暗号通貨市場は24時間365日動き続けており、リアルタイムでのデータ処理と機械学習の適用が重要です。本ドキュメントでは、ストリーミングデータの処理とオンライン学習を組み合わせた実装方法を解説します。

1. アーキテクチャ概要

1.1 データフローアーキテクチャ

[取引所API/WebSocket] → [データ収集層] → [ストリーム処理層] → [ML処理層] → [アクション層]
     ↓                        ↓                 ↓                ↓              ↓
[Binance/Coinbase]    [Kafka/Redis]      [Spark/Flink]    [Online ML]   [Trading Bot]

1.2 主要コンポーネント

データ収集: WebSocket接続によるリアルタイムデータ取得
メッセージキュー: Apache Kafka/Redis Streamsによるバッファリング
ストリーム処理: Apache Spark Streaming/Flinkによる前処理
ML処理: オンライン学習アルゴリズムによる予測
アクション: 自動取引/アラート生成

2. データ収集層の実装

2.1 WebSocket接続

import asyncio
import websockets
import json
from datetime import datetime

class CryptoWebSocketClient:
    def __init__(self, exchange, symbols):
        self.exchange = exchange
        self.symbols = symbols
        self.callbacks = []

    async def connect_binance(self):
        """Binance WebSocket接続"""
        streams = [f"{symbol.lower()}@ticker" for symbol in self.symbols]
        url = f"wss://stream.binance.com:9443/stream?streams={'/'.join(streams)}"

        async with websockets.connect(url) as websocket:
            while True:
                try:
                    data = await websocket.recv()
                    parsed_data = self.parse_binance_data(json.loads(data))
                    await self.process_data(parsed_data)
                except Exception as e:
                    print(f"Error: {e}")
                    await asyncio.sleep(5)

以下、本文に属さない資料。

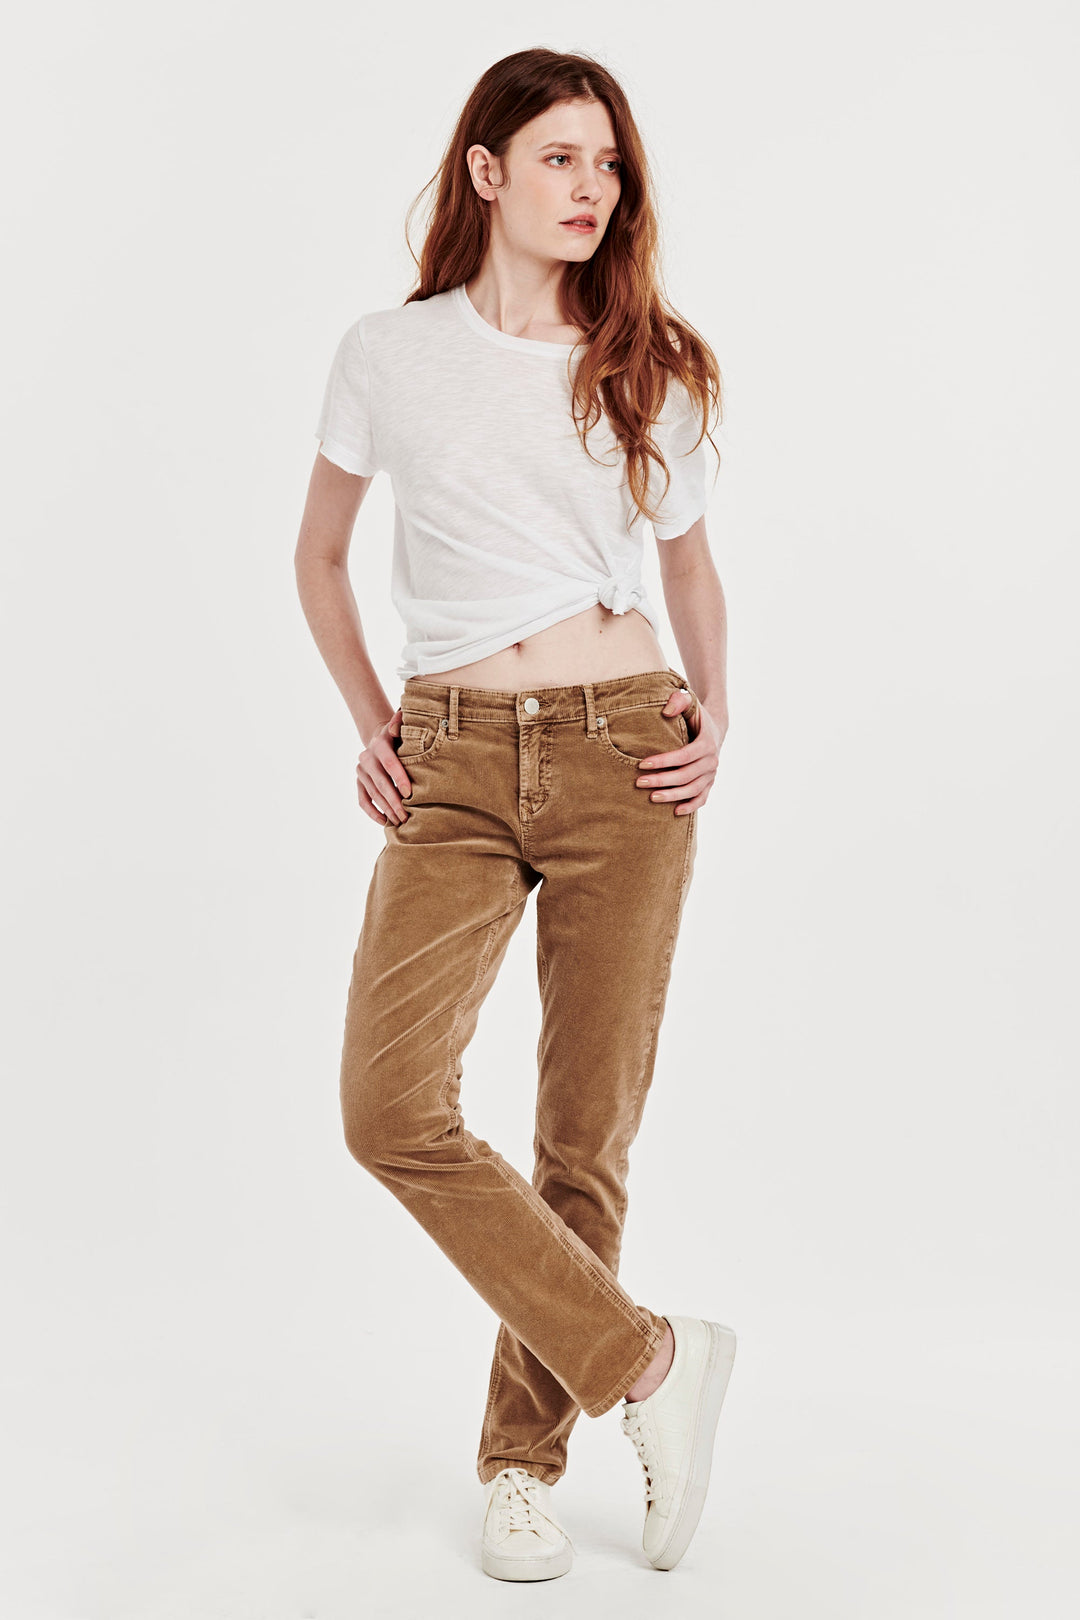 BLAIRE HIGH RISE ANKLE SLIM STRAIGHT CORDUROY PANTS SHELL
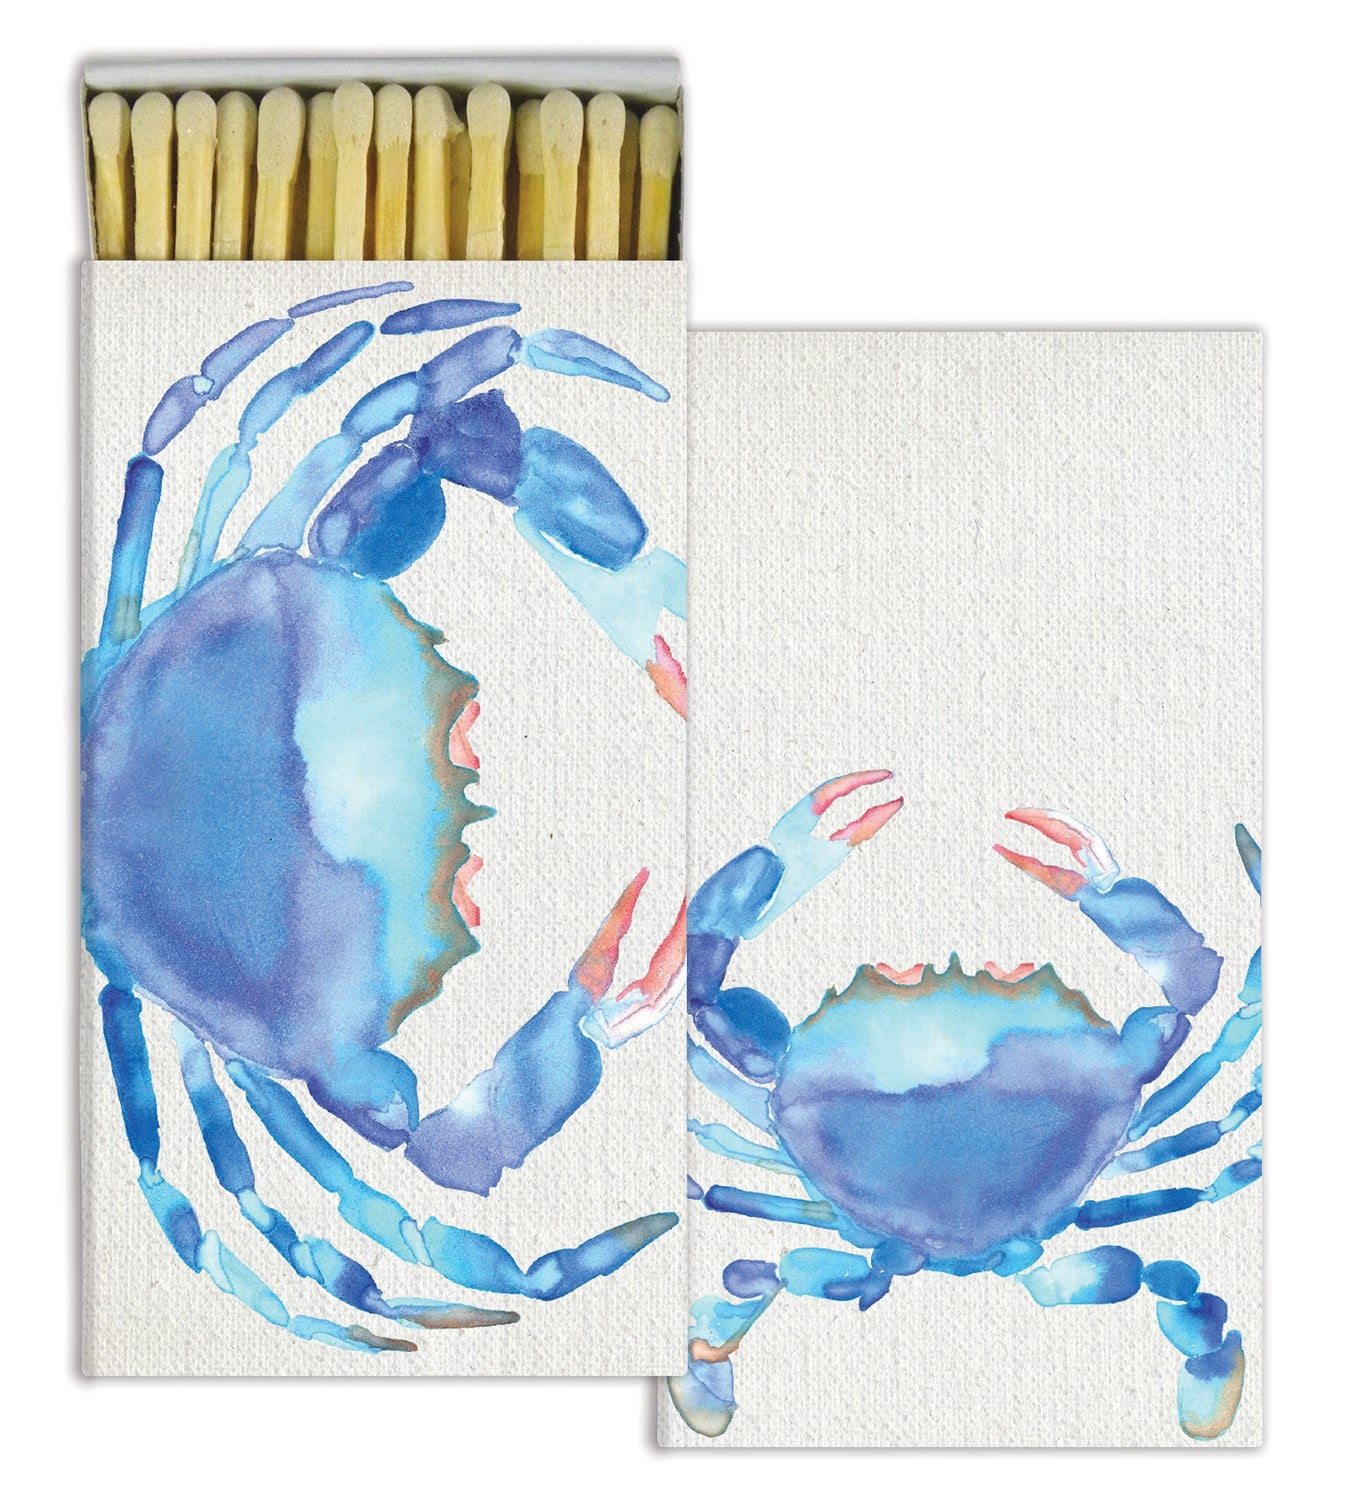 A set of eye-catching Coastal Matches in a color-coordinated box by HomArt.

    def parse_binance_data(self, raw_data):
        """データパース"""
        if 'data' in raw_data:
            ticker = raw_data['data']
            return {
                'exchange': 'binance',
                'symbol': ticker['s'],
                'price': float(ticker['c']),
                'volume': float(ticker['v']),
                'timestamp': datetime.fromtimestamp(ticker['E'] / 1000),
                'bid': float(ticker['b']),
                'ask': float(ticker['a']),
                'price_change_24h': float(ticker['p'])
            }
        return None

    async def process_data(self, data):
        """データ処理コールバック実行"""
        if data:
            for callback in self.callbacks:
                await callback(data)

2.2 マルチエクスチェンジ対応

class MultiExchangeAggregator:
    def __init__(self):
        self.exchanges = {}
        self.aggregated_data = {}

    async def add_exchange(self, name, client):
        """取引所の追加"""
        self.exchanges[name] = client
        client.callbacks.append(self.aggregate_data)

    async def aggregate_data(self, data):
        """複数取引所のデータ集約"""
        key = f"{data['symbol']}_{data['exchange']}"
        self.aggregated_data[key] = data

        # アービトラージ機会の検出
        await self.check_arbitrage(data['symbol'])

    async def check_arbitrage(self, symbol):
        """取引所間の価格差検出"""
        prices = []
        for exchange in self.exchanges:
            key = f"{symbol}_{exchange}"
            if key in self.aggregated_data:
                prices.append({
                    'exchange': exchange,
                    'bid': self.aggregated_data[key]['bid'],
                    'ask': self.aggregated_data[key]['ask']
                })

        if len(prices) >= 2:
            # 最高買値と最安売値の差を計算
            max_bid = max(prices, key=lambda x: x['bid'])
            min_ask = min(prices, key=lambda x: x['ask'])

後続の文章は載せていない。